Al día siguiente llamamos a la policía. Mi madre, claramente preocupada, me acompañó durante la entrevista. Que cuáles eran sus señas particulares -lentes-, que qué lugares frecuentaban -todos-, que si los veía seguido -qué pregunta. Dándome el avión, me dijeron que estarían al pendiente, que era difícil por la falta de datos, que no podían garantizarme nada pero que estuviera calmado, que ya estaban avisados.
  Así pasaron unos meses, en los que todo volvió un poco a la normalidad. Regresé a la escuela, volví a ver a Bernardo, que no daba crédito, regresé al go con Ramiro y hasta empecé a salir otra vez con Magda, que me pidió perdón una y otra vez. A ellos no los volví a ver y eso me tranquilizaba. La policía volvió a llamar un par de veces, diciendo que no habían encontrado nada hasta el momento pero que seguirían pendientes, por si pasaba algo nuevo. Acabé la escuela y encontré una chamba que me pagaba suficiente como para salirme de casa de mis padres.
  Unos meses después, Magda se mudó conmigo.
  
  Hoy quedé con Magda de ir al cine.
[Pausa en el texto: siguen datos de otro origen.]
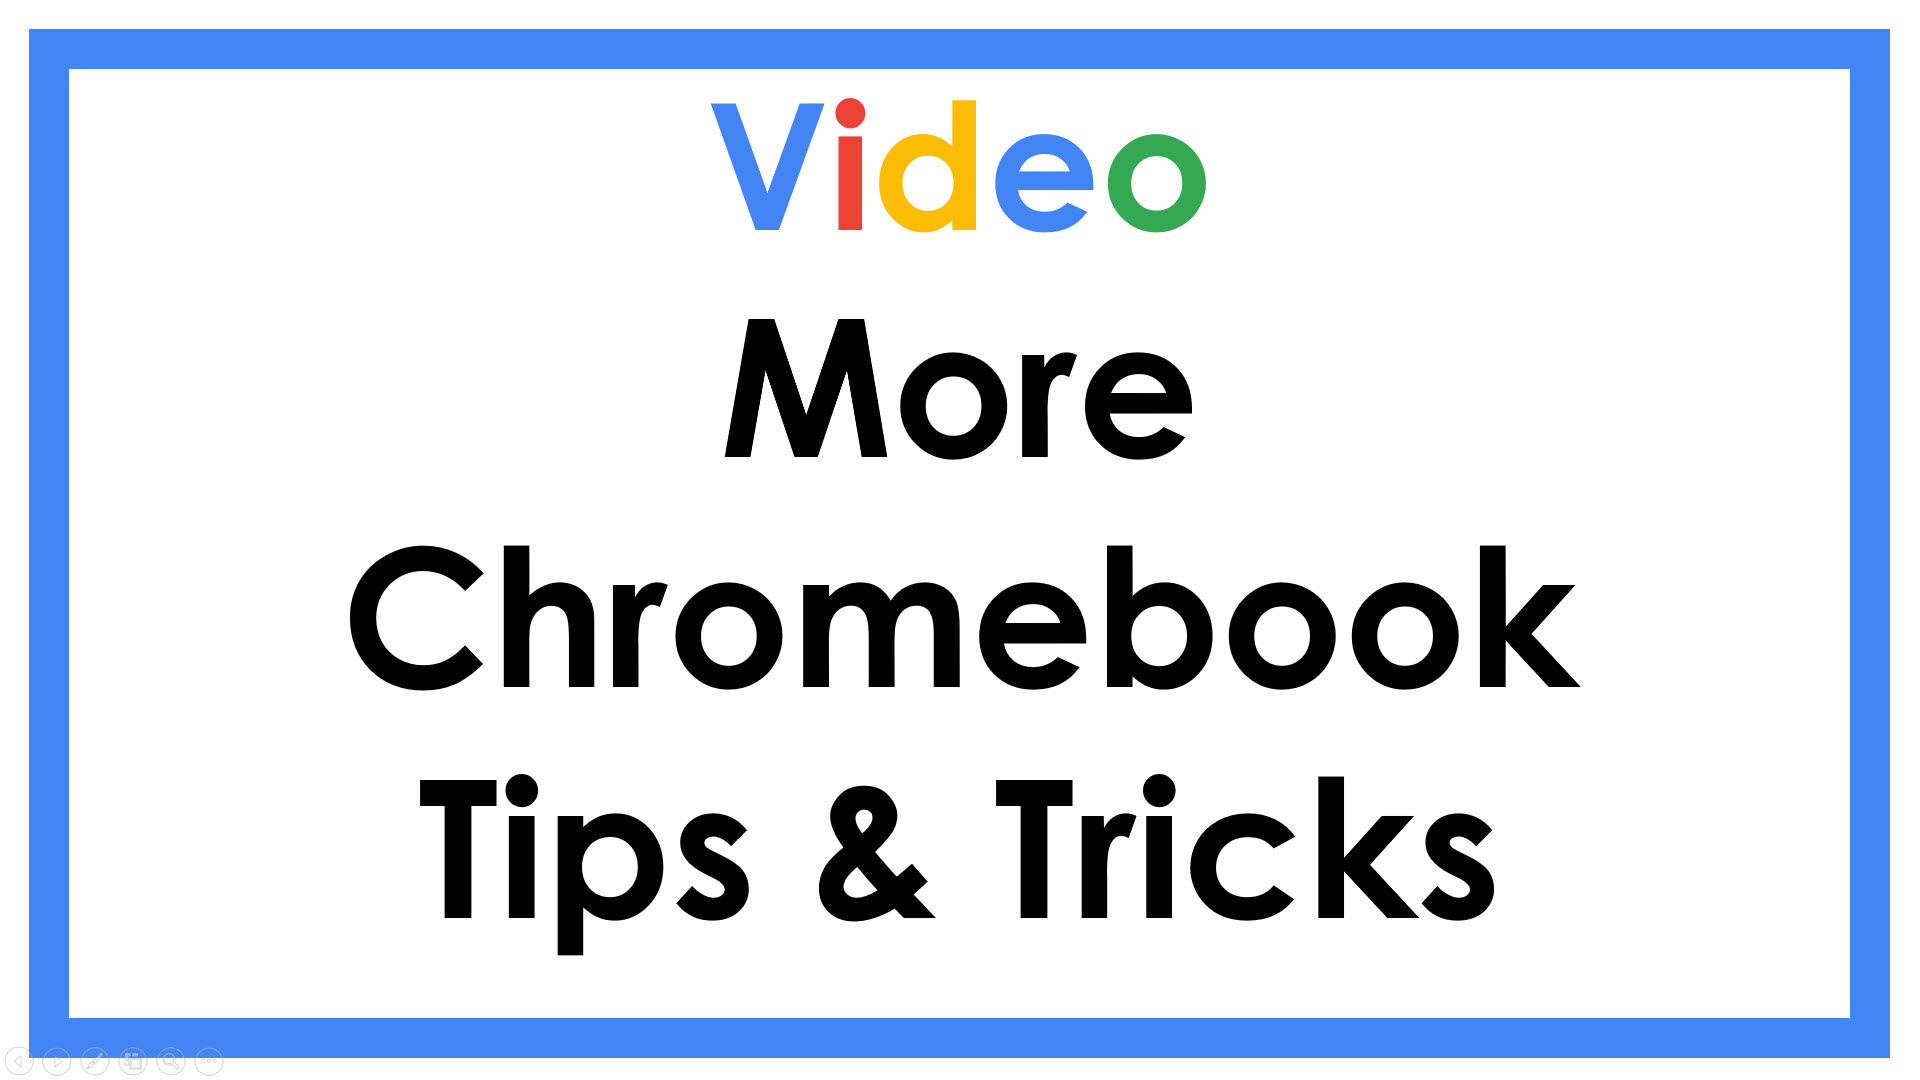 Video More Chromebook Tips & Tricks

Como salí antes, llegué más temprano. Me llega un mensaje suyo diciéndome que va a llegar un poco más tarde y que si puedo ir comprando los boletos. Le digo que sí y me acerco a la taquilla. El tipo que atiende me sonríe con esa sonrisa maquinal de centro comercial y me da la bienvenida.
  -Buenas, gracias, le digo, dos boletos para la de las 8, por favor.
  -Con todo gusto, me responde con su sonrisa imbécil. ¿Cuenta con tarjeta de cliente frecuente?
  -No.
  -Ayúdeme a escojer sus asientos, por favor. ¿Su pago es con tarjeta?
  -No, le digo, y le paso el billete mientras intento entender cómo funciona el sistema de los asientos.
  -Aquí está tu cambio, Enrique, me dice.
  -Gracias, le contesto, distraído. Entonces me cae el veinte, ¿cómo chingaos sabe mi nombre?
  Levanto la vista y lo veo. Se me va el aire. Su sonrisa ya cambió. Me ve de frente y, bajo la luz, noto el reflejo en los lentes.